START Data block
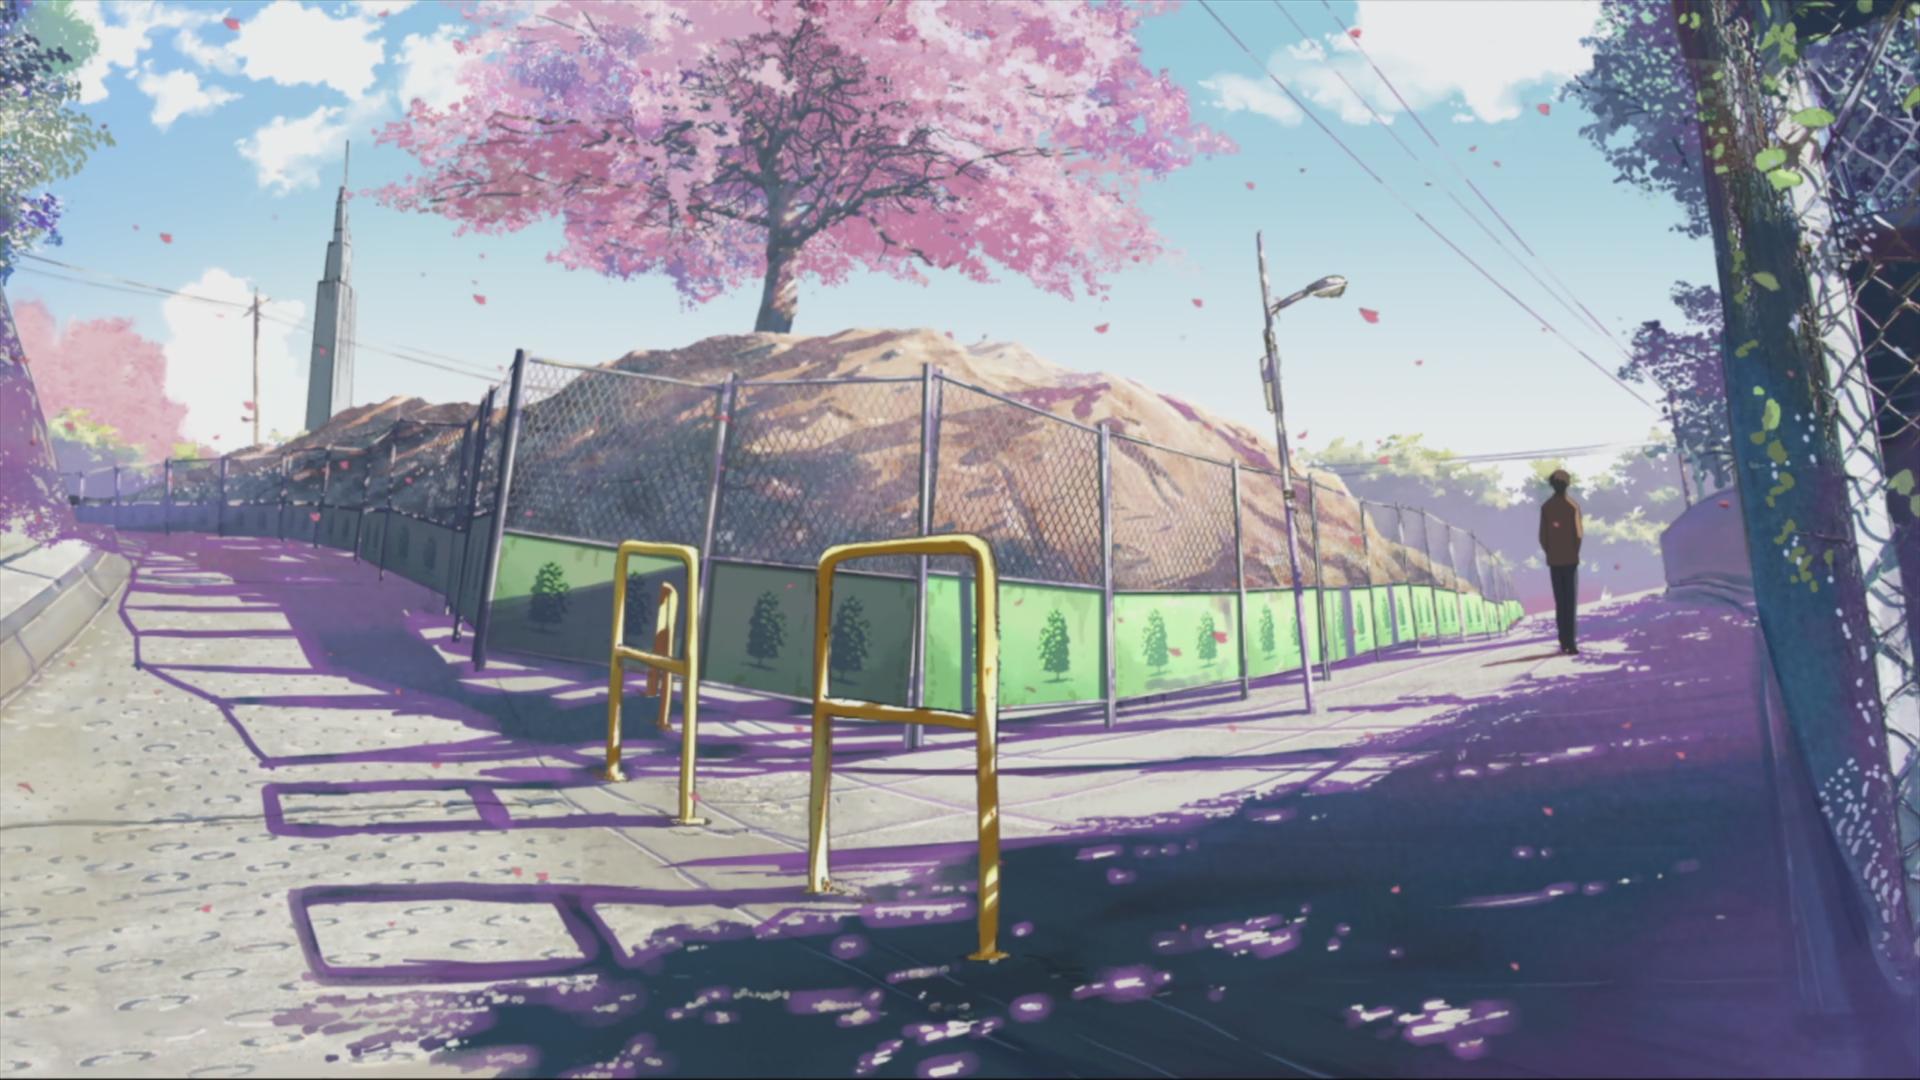 Anime 1920x1080 5 Centimeters Per Second Makoto Shinkai  anime
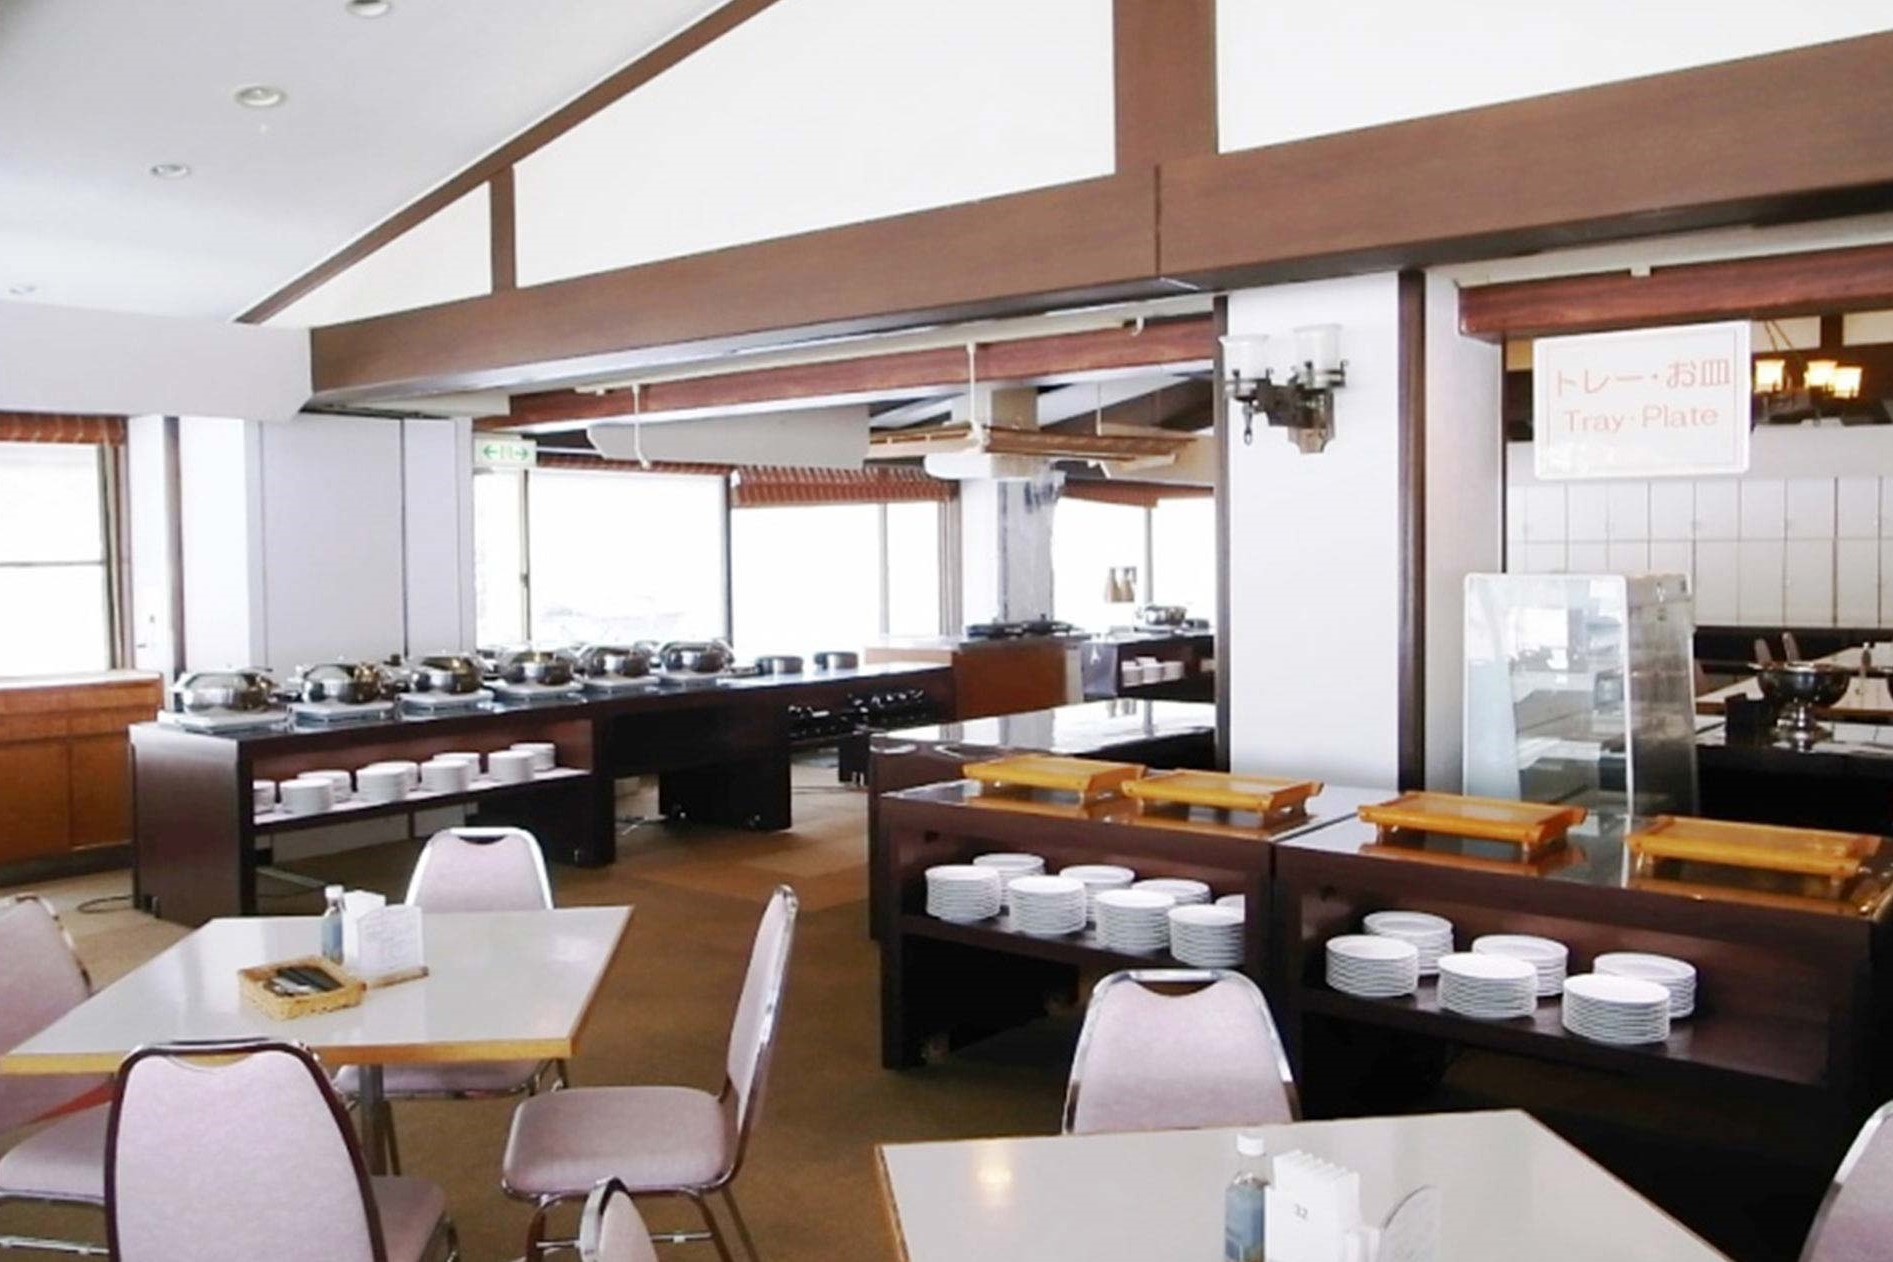 Manza Prince Hotel-restaurant 3 (O) (3.2)
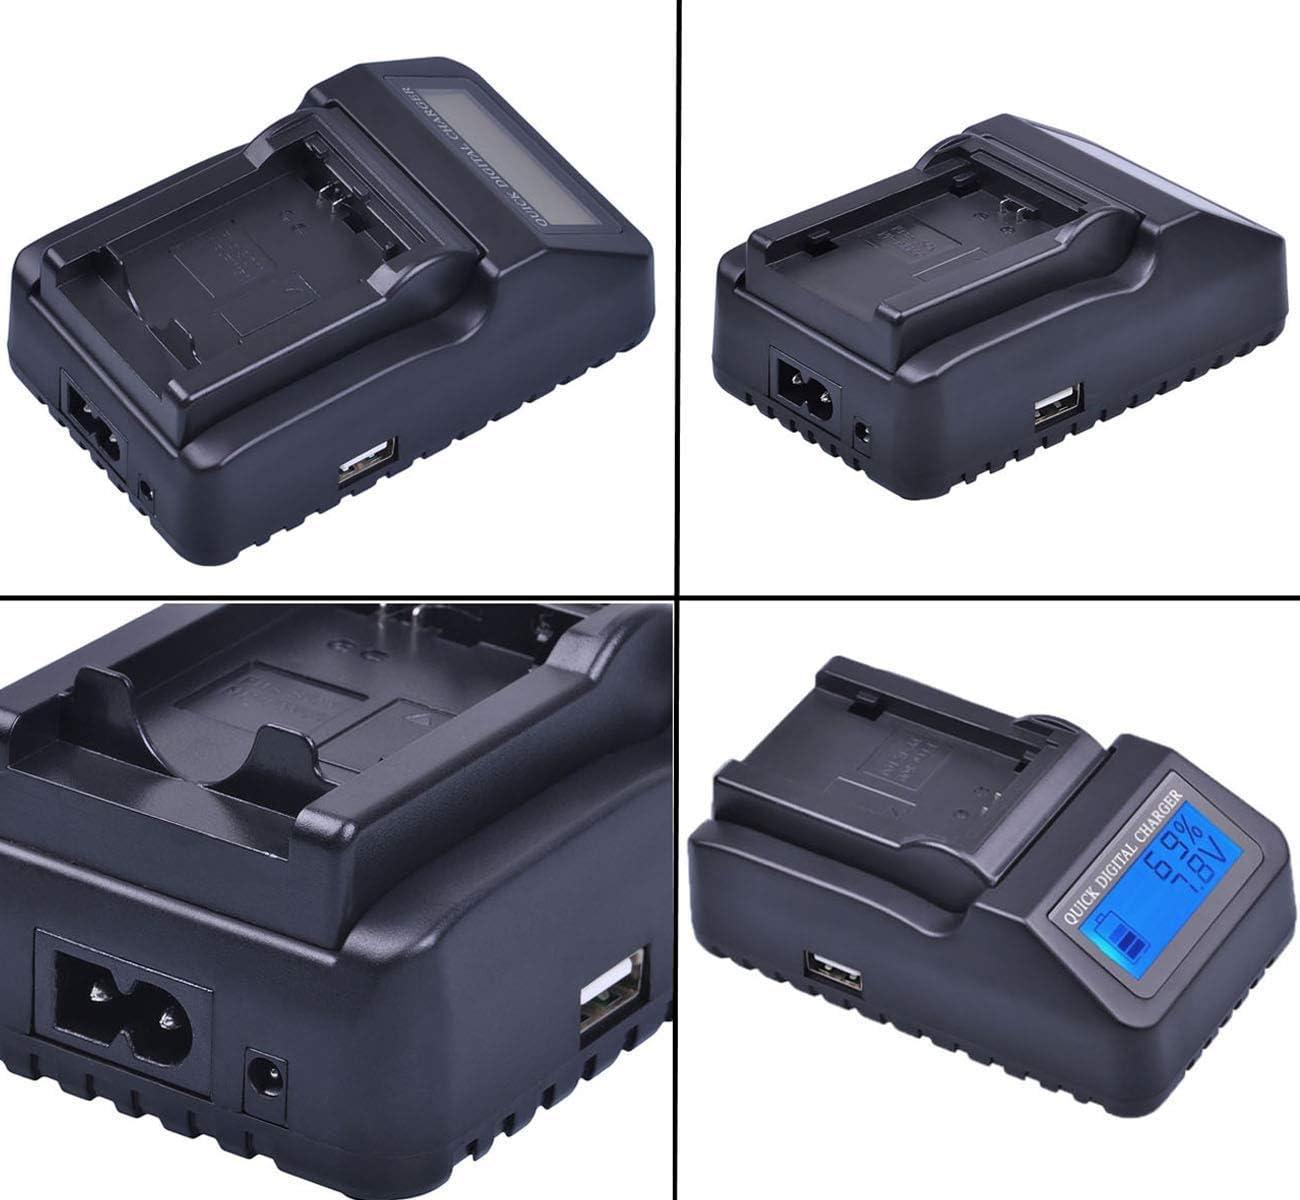 VDR-M75PP VDR-M95PP Camcorder LCD Quick Battery Charger for Panasonic VDR-M70PP
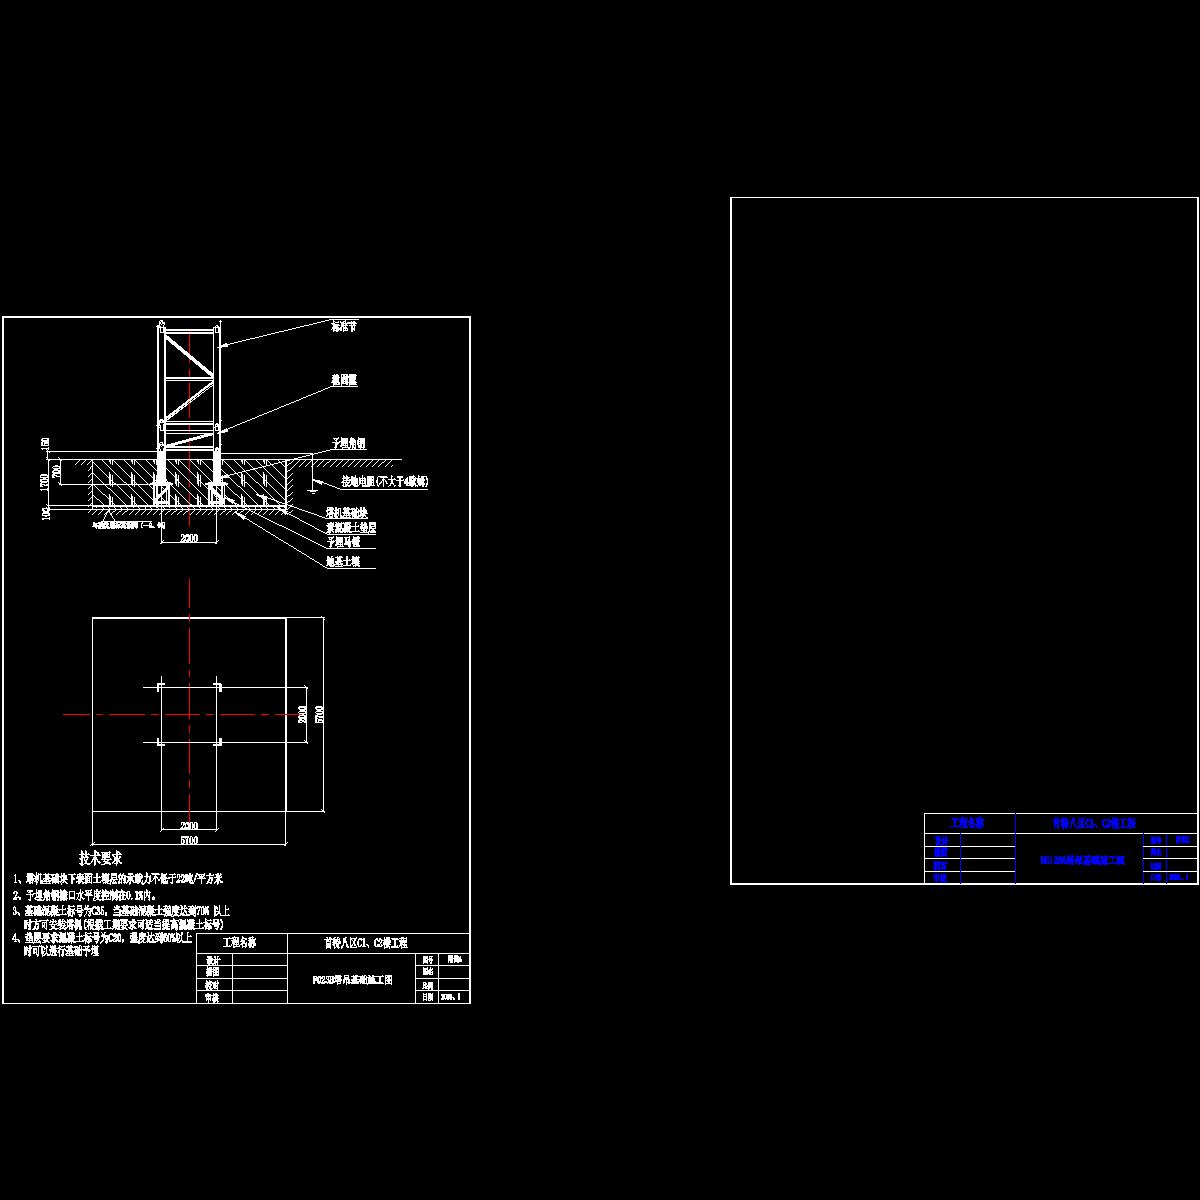 f023b塔吊基础施工图.dwg
END Data block
* _Problem to work on_
Strip out the pictures and quote the remaining data word for word.

* _Output below_
 Anime 1920x1080 5 Centimeters Per Second Makoto Shinkai  anime
 Manza Prince Hotel-restaurant 3 (O) (3.2)
 VDR-M75PP VDR-M95PP Camcorder LCD Quick Battery Charger for Panasonic VDR-M70PP
 f023b塔吊基础施工图.dwg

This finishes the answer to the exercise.